User:Mdewman6/sandbox3
Mission type | Uranus orbiter |
---|---|
Operator | NASA |
Mission duration | Cruise: 13.4 years Science phase: 4.5 years[1] |
Spacecraft properties | |
Launch mass | 7,235 kg (15,950 lb)[1] |
Dry mass | 2,756 kg (6,076 lb)[1] |
Payload mass | 60.5 kg (133 lb) plus 19.7 kg (43 lb) atmospheric probe[1] |
Dimensions | Height: 7.1 m (23 ft) Diameter: less than 5 m (16 ft)[1] |
Power | 735 W (0.986 hp) from 3 Mod1 Next-Generation Radioisotope thermoelectric generators[1] |
Start of mission | |
Launch date | 2031 (proposed)[1] |
Rocket | Falcon Heavy Expendable (proposed)[1] |
Launch site | Cape Canaveral AFS |
Flyby of Earth (gravity assist) | |
Closest approach | 2033 |
Distance | 450 km (280 mi) |
Flyby of Jupiter (gravity assist) | |
Closest approach | 2035 |
Distance | 370,000 km (230,000 mi) |
Uranus orbiter | |
Orbital insertion | 2044 (proposed)[1] |
Uranus atmospheric probe | |
Atmospheric entry | 2045 (proposed)[1] |
Uranus Orbiter and Probe is an orbiter mission concept to study Uranus and its moons.[1] The orbiter would also launch an atmospheric probe to characterize Uranus's atmosphere. The concept is being developed as a potential large strategic science mission for NASA. The current proposal targets a launch in 2031 using a Falcon Heavy expendable launch vehicle with a gravity assist at Jupiter allowing arrival at Uranus in 2045. The science phase would last 4.5 years and include multiple flybys of each of the major moons.
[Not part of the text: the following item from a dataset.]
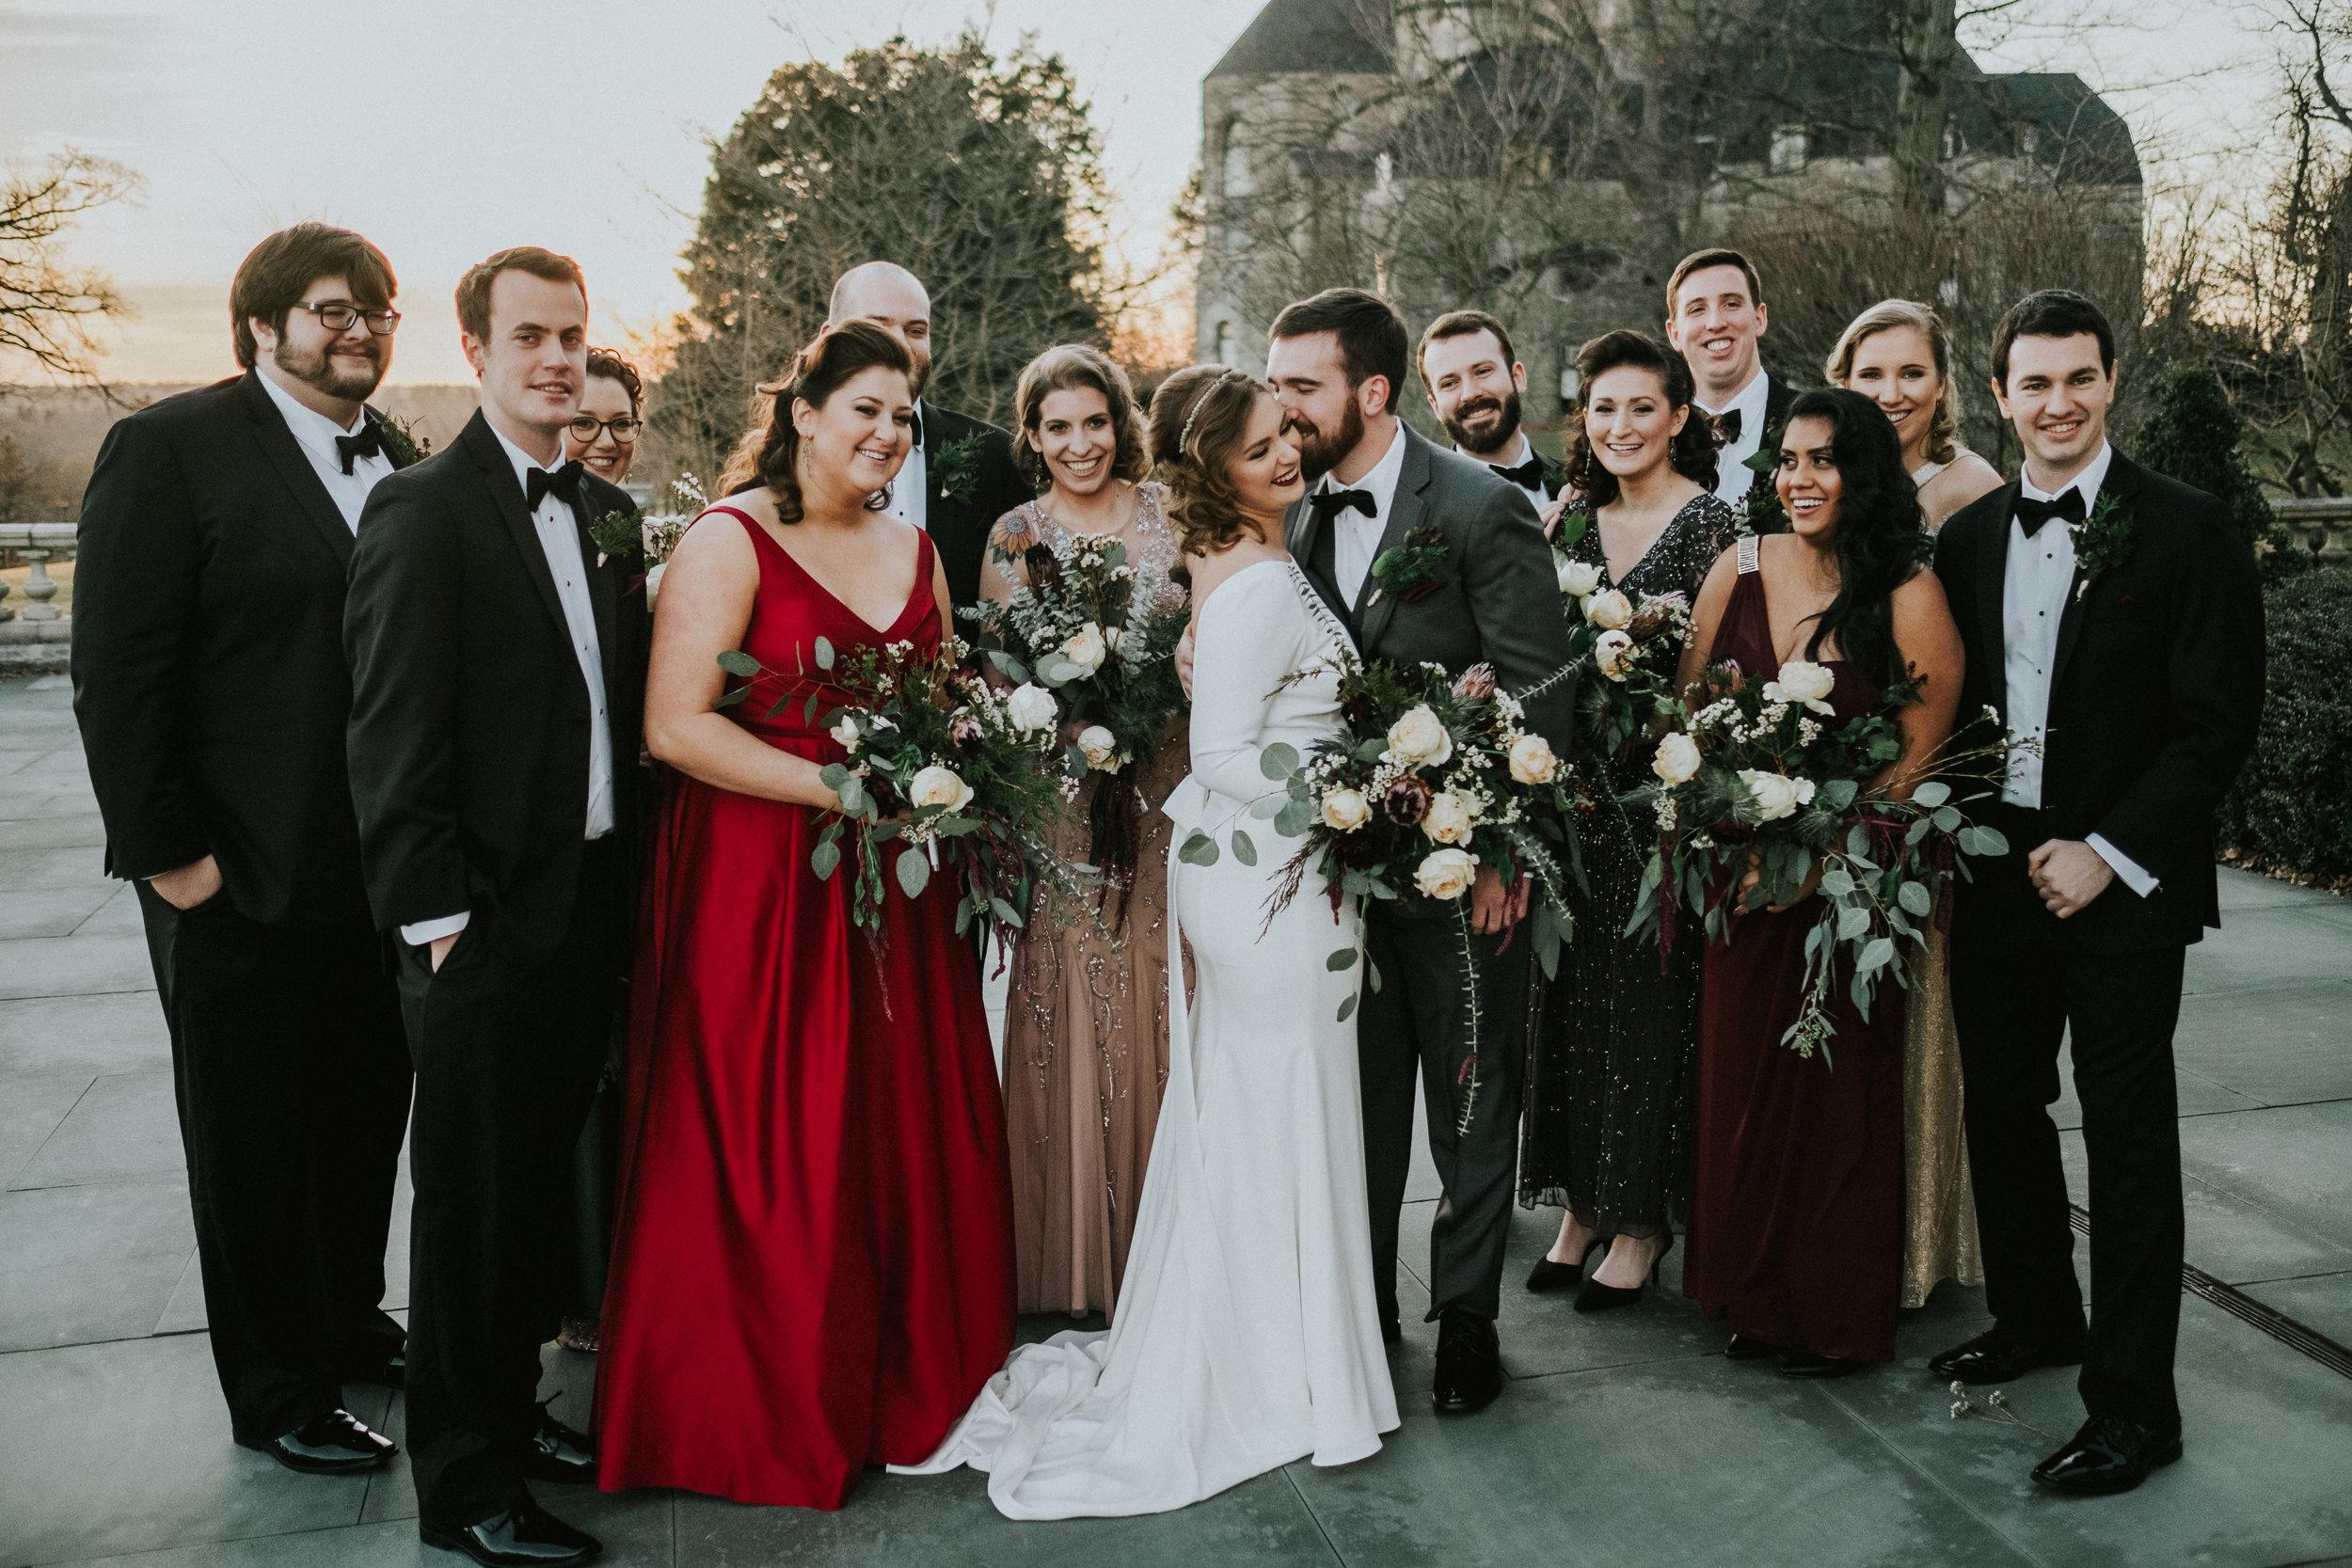 Cairnwood-Estate-Amelia-and-Patrick-Wedding-548.jpg

The mission concept was selected as the highest priority Flagship-class mission by the 2023–2032 Planetary Science Decadal Survey, ahead of the Enceladus Orbilander.[2][3] A Neptune orbiter mission concept, Neptune Odyssey, that would address many of the same scientific goals regarding ice giants was also considered, but for logistical and cost reasons a mission to Uranus was favored.
Background
[edit]Voyager 2 is the only space probe to have visited the Uranus system, completing a flyby on January 24, 1986. The 2011-2022 Planetary Science Decadal Survey recommended a Flagship-class orbiter mission to an ice giant with priority behind what would become the Mars 2020 rover and the Europa Clipper.[4][5][6] Ice giants are now appreciated as a common type of exoplanet, precipitating the need for further study of ice giants in the Solar System.[7] The ice giants Uranus and Neptune were seen as unique yet equally compelling scientific targets, but a Uranus orbiter and atmospheric probe was given preference for logistical and cost reasons.[4][6] A Uranus orbiter would logically follow Flagship-class orbiter missions undertaken at Jupiter and Saturn (Galileo and Cassini, respectively). An early orbiter mission concept, Herschel Orbital Reconnaissance of the Uranian System (HORUS), proposed to use three advanced Stirling radioisotope generators to power an orbiter for the Uranian system.[8]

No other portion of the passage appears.